La règle de décision visuelle : gardez la fonction en escalier de capacité au-dessus de la borne supérieure du cône de prévision à tout moment. Ne provisionnez pas pour l'estimation centrale ; provisionnez pour la borne supérieure. Le coût du surprovisionnement est fini (une certaine capacité inactivité) ; le coût du sous-provisionnement est illimité (utilisateurs perdus, défaillance en cascade, dégâts à la réputation).

Enveloppe de marge : ligne de demande, fonction en escalier de capacité, cône de prévision, date d'intersection

Lire l'enveloppe

Votre graphique de capacité montre : la demande actuelle est de 1 500 RPS en croissance de 20 % par mois.
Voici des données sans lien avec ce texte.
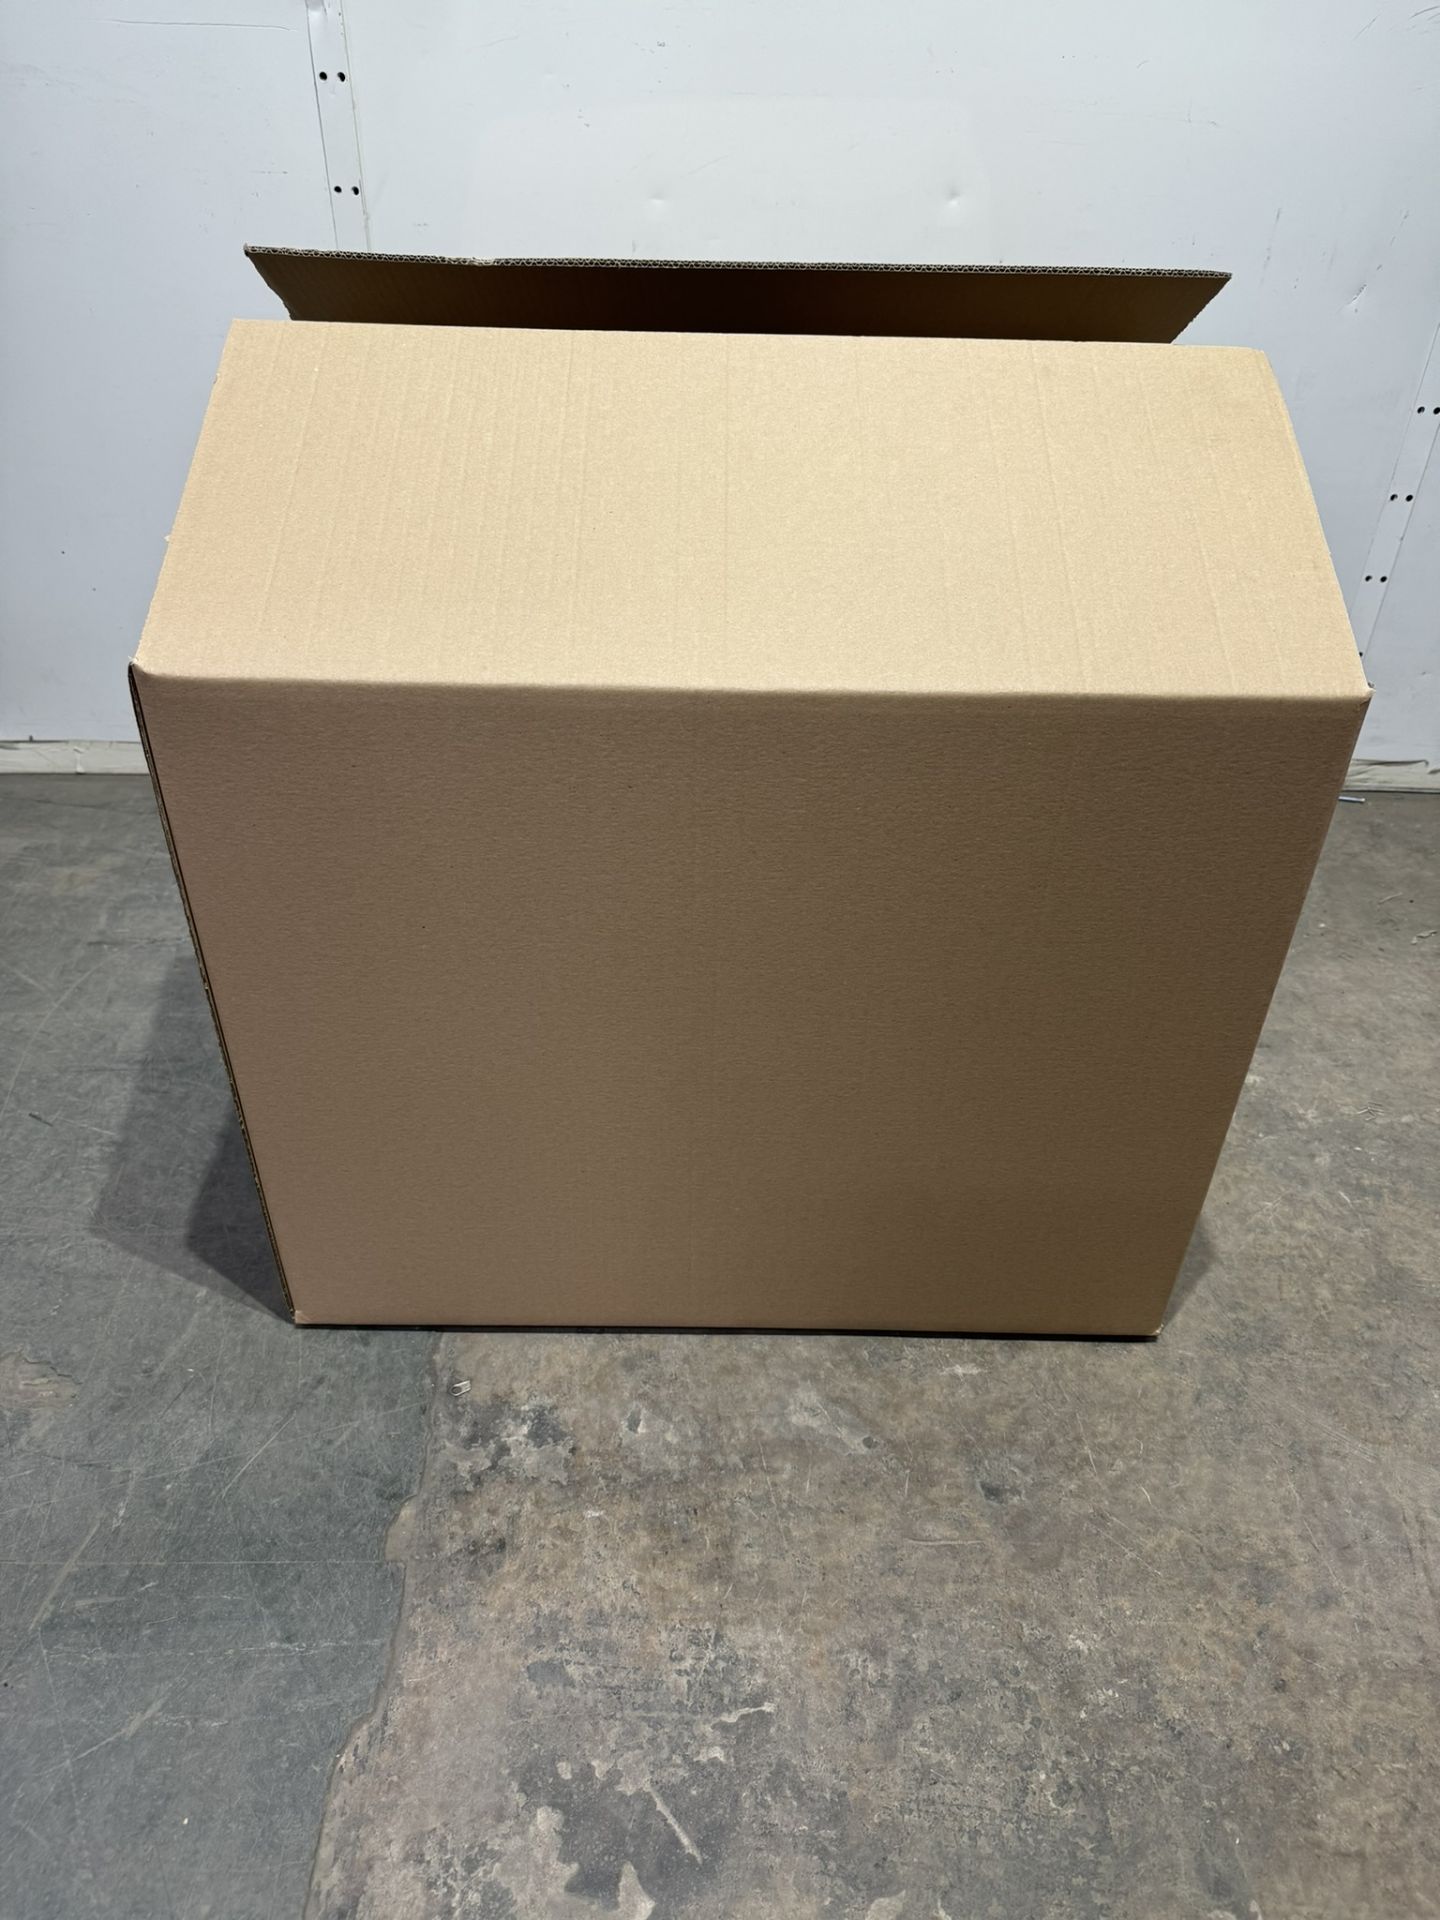 150 x Unbranded Double Wall Cardboard Boxes | 60 x 60 x 70CM

La capacité actuelle est de 2 500 RPS. Un nouveau lot de serveurs (+1 500 RPS de capacité) arrive en 8 semaines. Le cône de prévision a des bornes ±15 % à l'horizon de 8 semaines.

Calculez la date à laquelle la demande prévue (estimation centrale, borne supérieure) dépasse la capacité actuelle. Le nouveau lot de serveurs arrivera-t-il à temps ? Quelle est la forme visuelle de l'enveloppe entre maintenant & l'arrivée du nouveau lot, & quelle action prendriez-vous si la demande de la borne supérieure dépasse la capacité actuelle avant l'arrivée du nouveau lot ?

Géométrie de la capacité : résumé

Formes qui prédisent l'avenir

Vous avez parcouru quatre structures géométriques qui tournent sous la planification de capacité :

- La loi de Little (L = λ × W) comme la surface d'un rectangle définissant l'occupation en régime permanent

- La courbe de file d'attente avec son coude à 80 % d'utilisation, codant le coût non linéaire de fonctionner chaud

- Les pentes de tendance & les cônes de prévision qui transforment les données historiques en projections exploitables

- Les enveloppes de marge comme des graphiques 2D de capacité vs demande, avec des dates d'intersection marquant les délais de provisionnement


La planification de capacité est, au cœur visuel, la discipline de garder une courbe en toute sécurité au-dessus d'une autre au fil du temps. Les chiffres sont de la décoration ; les formes portent la vérité. Un ingénieur de capacité qui lit correctement la courbe de file d'attente attrape les problèmes qu'un tableau de bord CPU cache jusqu'à ce que le système brûle déjà.


La leçon compagne sur la planification de capacité couvrait les pratiques : mesure, prévision, tests de plafond, marge, & mise à l'échelle. Cette leçon couvrait la géométrie sous-jacente. Ensemble, elles forment l'échafaudage visuel & analytique de l'exécution de services qui se mettent à l'échelle sans surprise.